So I always thought that covariance could take any real number. However, in class today my professor gave us a problem where we were supposed to find the covariance, $q$
$$0 = q^2 – 2q – 3 = (q – 3)(q + 1)$$
$$q = 3 \text{ or } q = -1$$
He then said that we should reject the negative case since covariance always needs to be non-negative.
In this case, the covariance is a scalar.

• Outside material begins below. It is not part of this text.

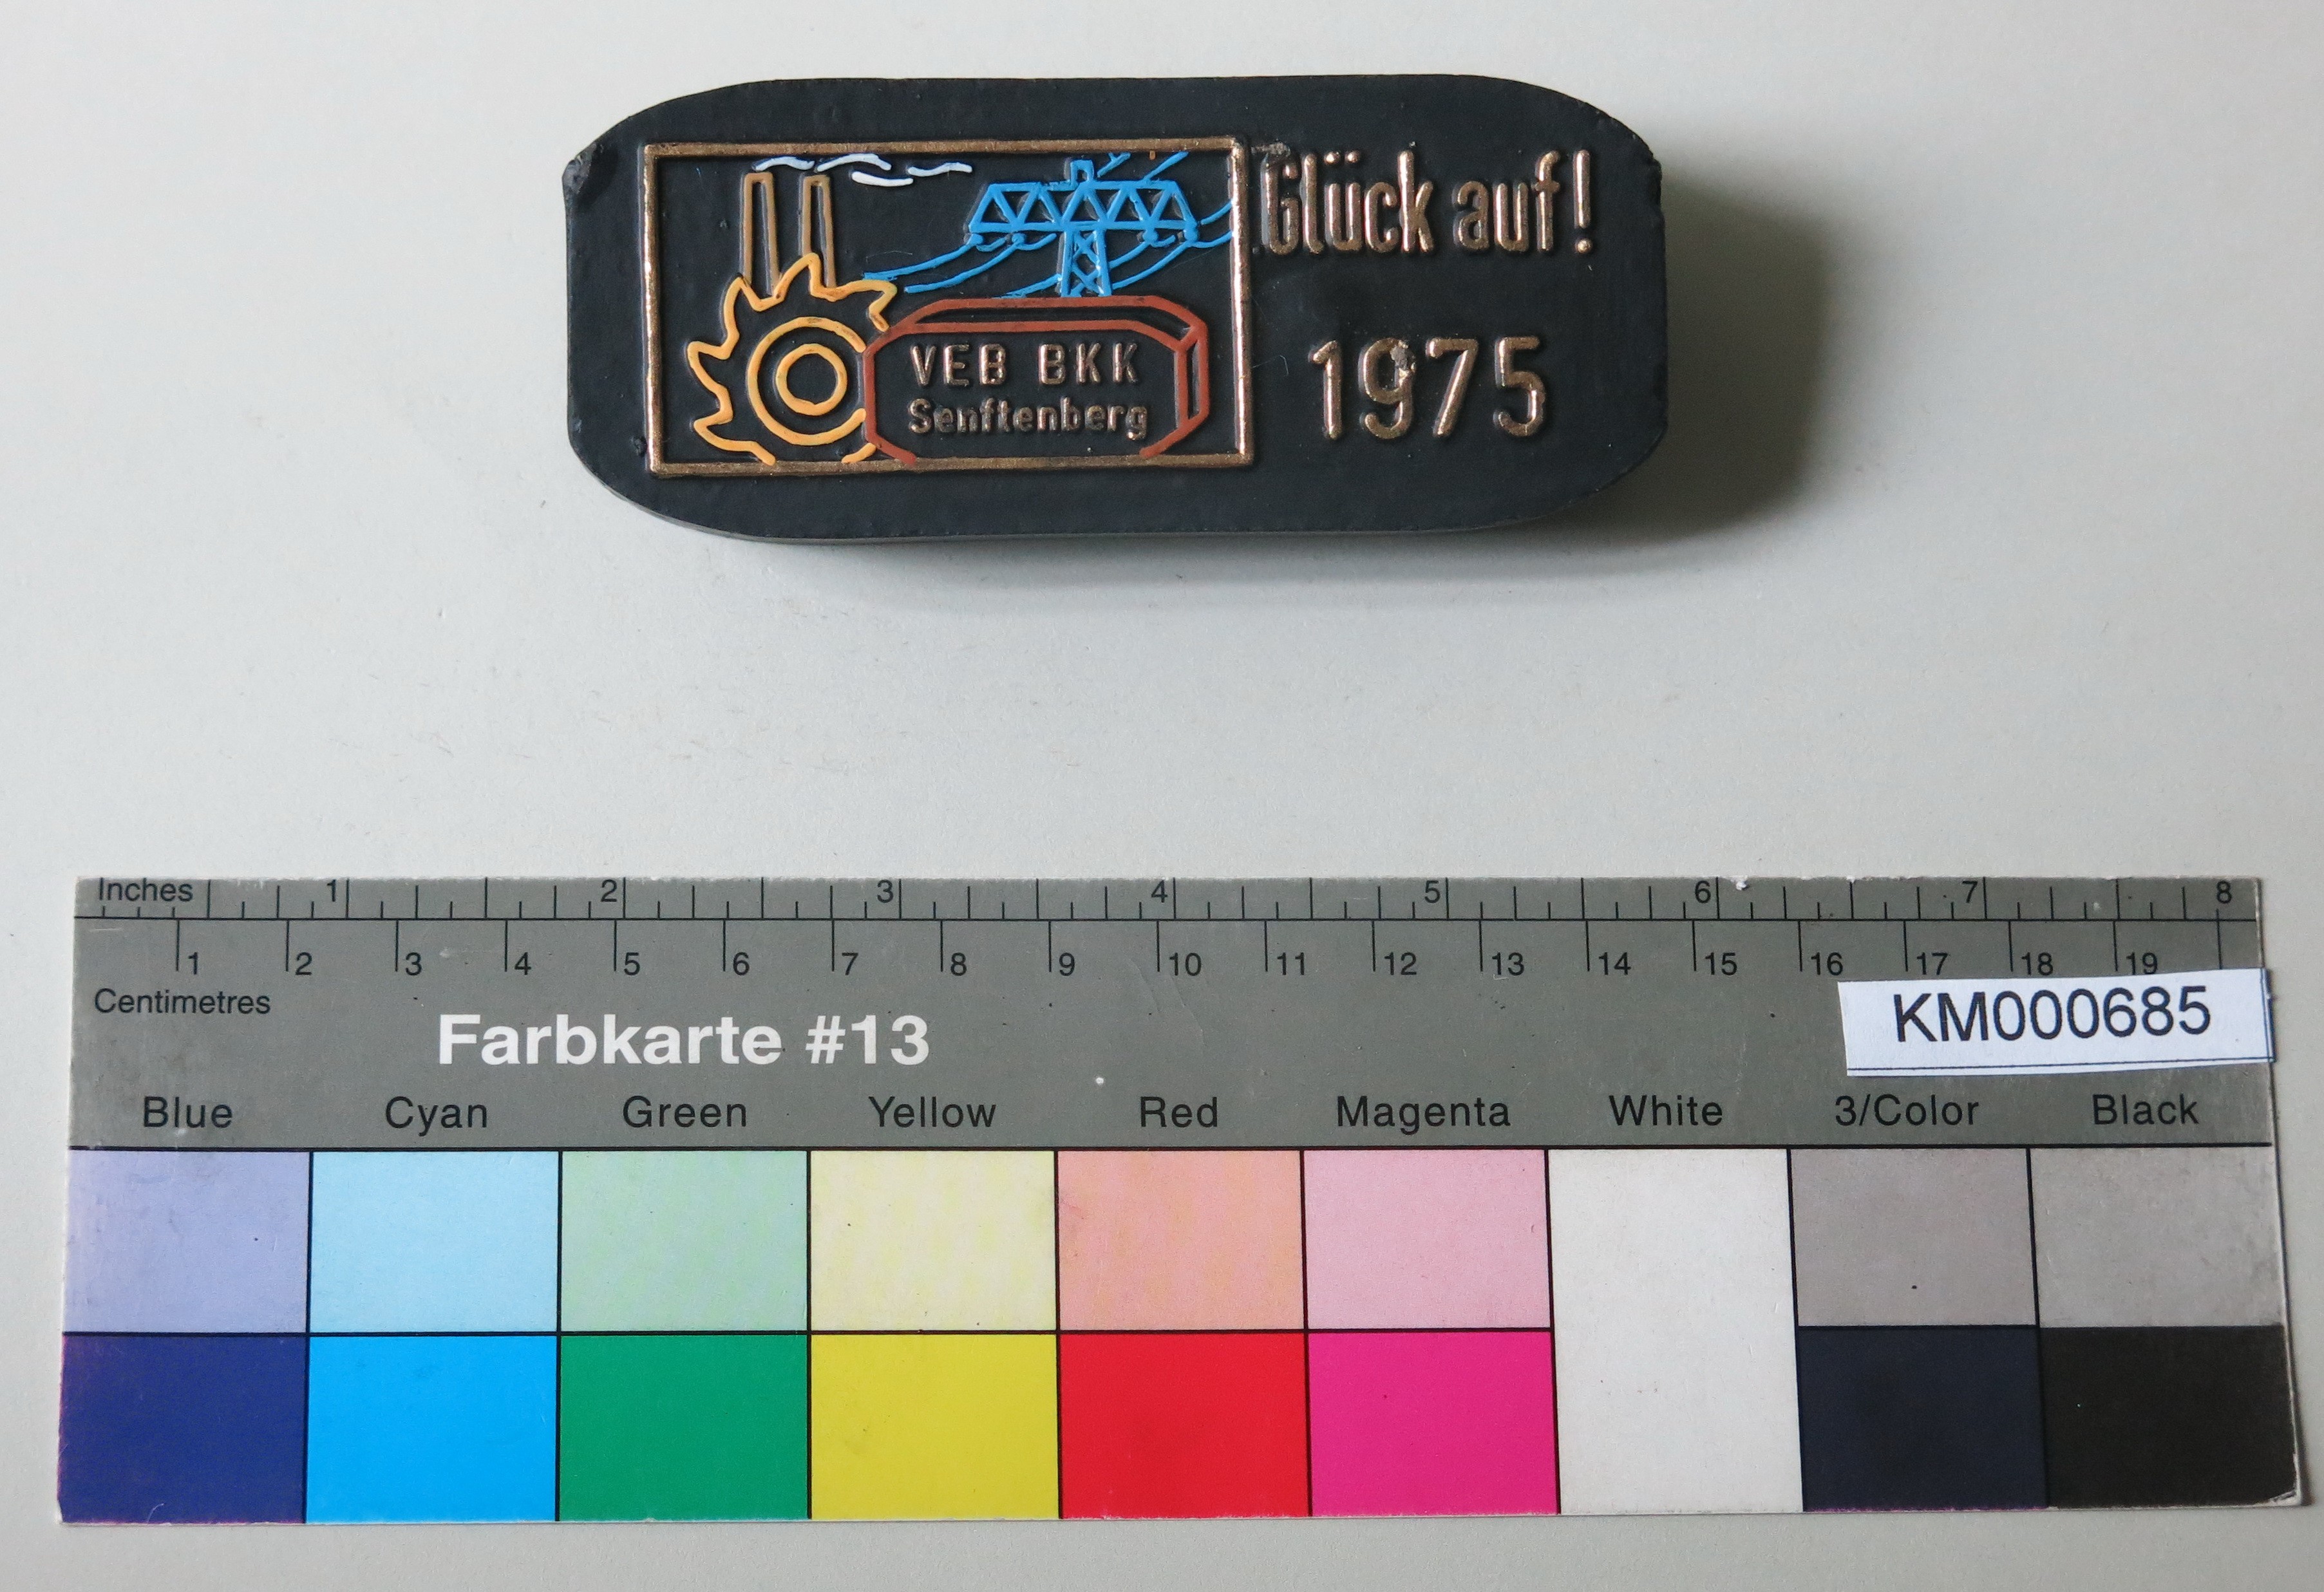 Zierbrikett " Glück auf ! 1975 VEB BKK Senftenberg" (Energiefabrik Knappenrode CC BY-SA)

I know that the covariance matrix needs to be positive, semi-definite and that the elements along the diagonal of that matrix needs to be non-negative(since they're variances). So, since we have a scalar covariance does that mean it necessarily needs to be non-negative?
Looking online, people mention that a negative covariance means that a greater value in one variable leads to lesser values in the other, so I'm guessing that covariance is allowed to be negative even in the scalar case?
Best Answer
Covariance $\mathrm{Cov}(X, Y)=E\left[(X-E[X])(Y-E[Y])\right]$ is clearly linear in $X$ and $Y$. Therefore, if $\mathrm{Var}[X]$ exists and is positive then
$$ \mathrm{Cov}(X, -X) = -\mathrm{Cov}(X, X) = -\mathrm{Var}[X] < 0. $$
However, the variance $\mathrm{Var}[X]=\mathrm{Cov}(X, X)$ cannot be negative.